Lowry commented further on the funding for the Cancer Moonshot, saying that the NCI has “benefited enormously from the long-term strong support from Congress – it has been bipartisan and I anticipate that that will continue. There is also every possibility that there might be some specific funding that will go to NCI.”

At AACR, we also heard from Dr Frederic Zecri, Global Head Oncology and Immuno-oncology Chemistry at Novartis Institutes for Biomedical Research (NIBR), who spoke during the session on Challenging Drug Targets.
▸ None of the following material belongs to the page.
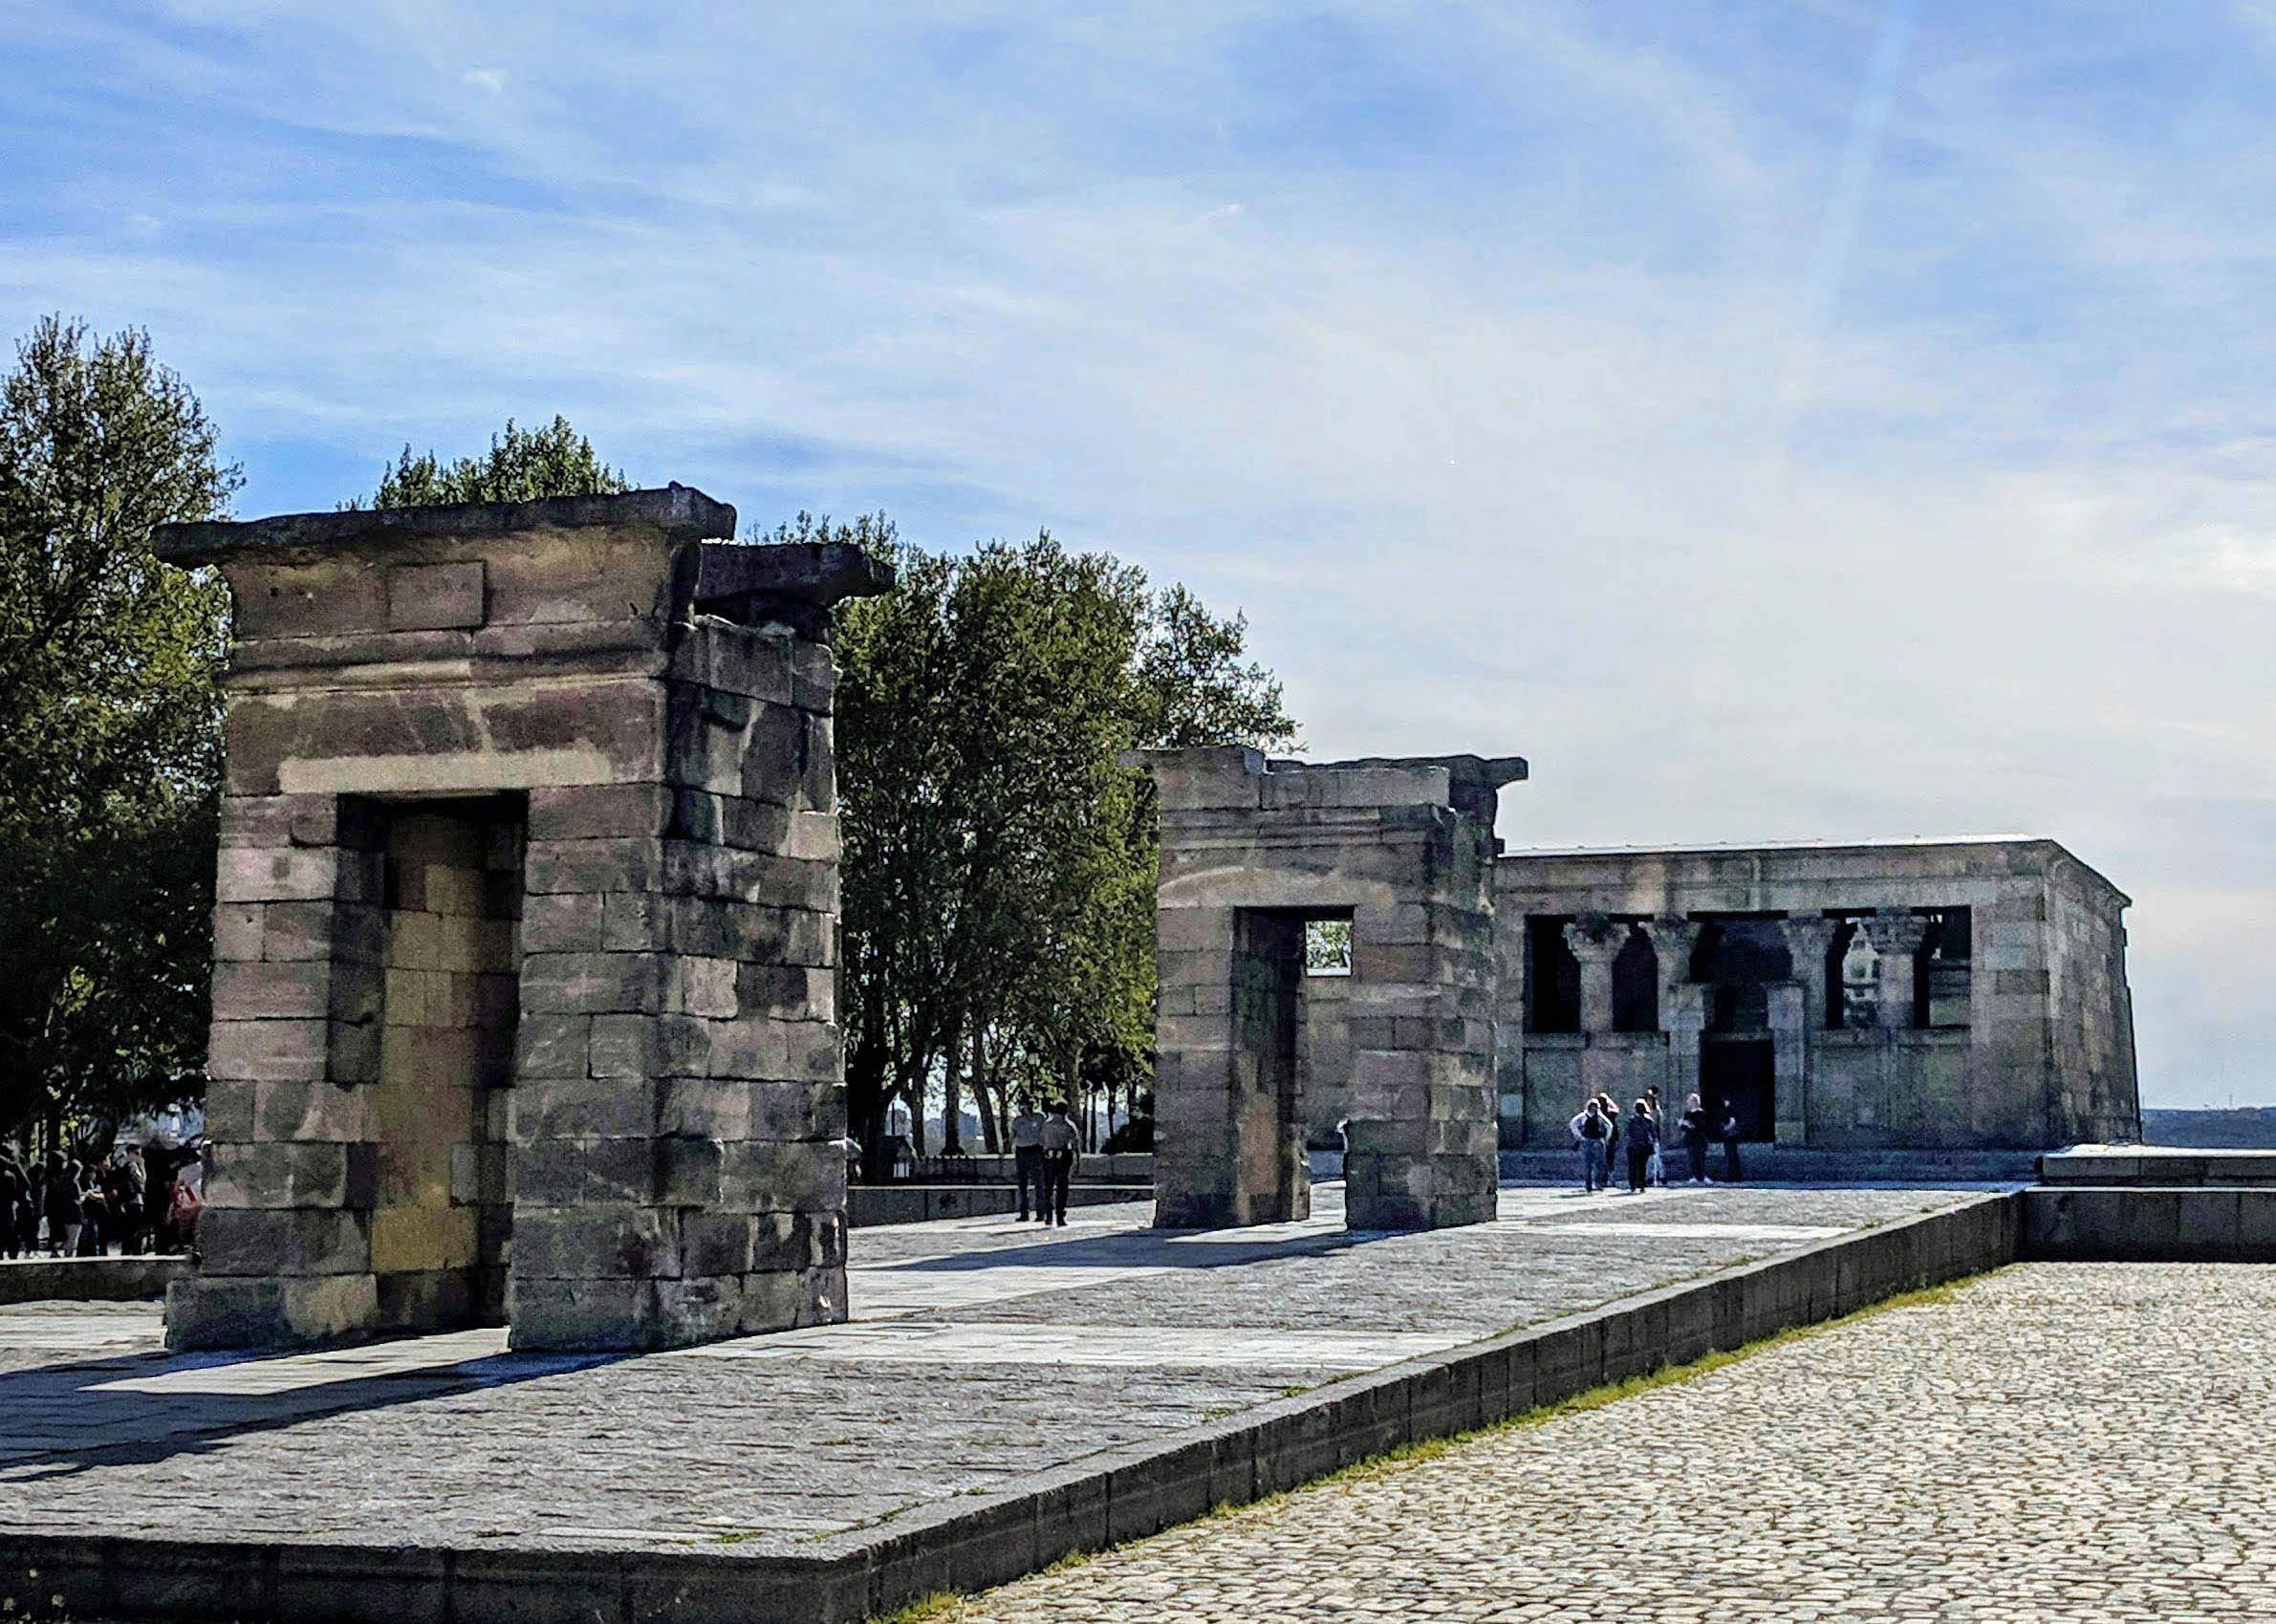 Templo de Debod, parque de la Oeste, Madrid

Zecri outlined findings from Novartis researchers, discussing structure-guided allostery for intractable targets and to overcome resistance in cancer. “At the time this work was done, KRAS was still an undruggable target… SHP2 is sitting at the top of the pathway and it is a very powerful agent for any KRAS modality,” he noted.  

Other fascinating talks included “A contextual approach to cancer neoantigen vaccines” by Dr Ugar Sahin, Chief Executive Officer and Co-Founder at BioNTech and Professor for Translational Oncology and Immunology at University Medical Center Mainz, Germany and “Deregulated hematopoietic stem cell behaviour in myeloid malignancies” by Dr Emmanuelle Passegué, Director, Columbia Stem Cell Initiative, along with many more.

It was fantastic to hear from so many scientists and experts at the forefront of cancer research. From this year’s AACR meeting, it was clear that key progress has been seen recently in both the lab and the clinic, providing promise to patients. However, the key takeaway is that the fight is not over yet; more to research is yet to be done in the fight against cancer.